Сермяжный халат всего больше поразил Теркина. Первое лицо в целом уезде и — колодник еще до суда. Может быть, и понапрасну заподозрен в поджоге? Растрата по опеке еще, кажется, не обнаружена. В сермяге!
Искренно порадовался он за Петьку, что улица была совсем пустая. Только вправо, туда к выезду в поле, тащилась телега, должно быть, с кулями угля.
До самого острога не покидало его жуткое чувство — точно саднило в груди, и ладони рук горели; даже в концах пальцев чувствовал он как будто уколы булавки.
Не больше пяти минут взяло у него с того места, где он увидал долгушку, до ворот острога.
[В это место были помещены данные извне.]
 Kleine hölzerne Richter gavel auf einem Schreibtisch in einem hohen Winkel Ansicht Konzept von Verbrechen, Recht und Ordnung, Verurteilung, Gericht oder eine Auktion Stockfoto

Инвалидный солдатик грузно ходил под ружьем, донашивая свое кепи, и служитель сидел на скамье под навесом ворот. стр.489
Теркин предъявил ему записку к надзирателю и всунул рублевую бумажку. Тот снял шапку и тотчас же повел его.
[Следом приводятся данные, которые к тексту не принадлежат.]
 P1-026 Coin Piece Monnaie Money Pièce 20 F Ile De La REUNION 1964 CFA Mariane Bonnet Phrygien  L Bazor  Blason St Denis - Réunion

В острог попадал он в первый раз в жизни. Все тут было тесно, с грязцой, довольно шумно, — начался обед арестантов, и отовсюду доносился гул мужских голосов.
— Они кушают, — сказал ему тот же старший сторож, остановившись перед дверью камеры, помещенной особенно, в темных сенцах, и звонко щелкнул замком.
Теркин вошел вслед за ним. Сторож захлопнул дверь, но не запер ее.
За столиком, в узкой, довольно еще чистой комнате, Зверев, в халате, жадно хлебал из миски. Ломоть черного хлеба лежал нетронутый. Увидя Теркина, он как ужаленный вскочил, скинул с себя халат, под которым очутился в жилете и светлых модных панталонах, и хотел бросить его на койку с двумя хорошими — видимо своими — подушками.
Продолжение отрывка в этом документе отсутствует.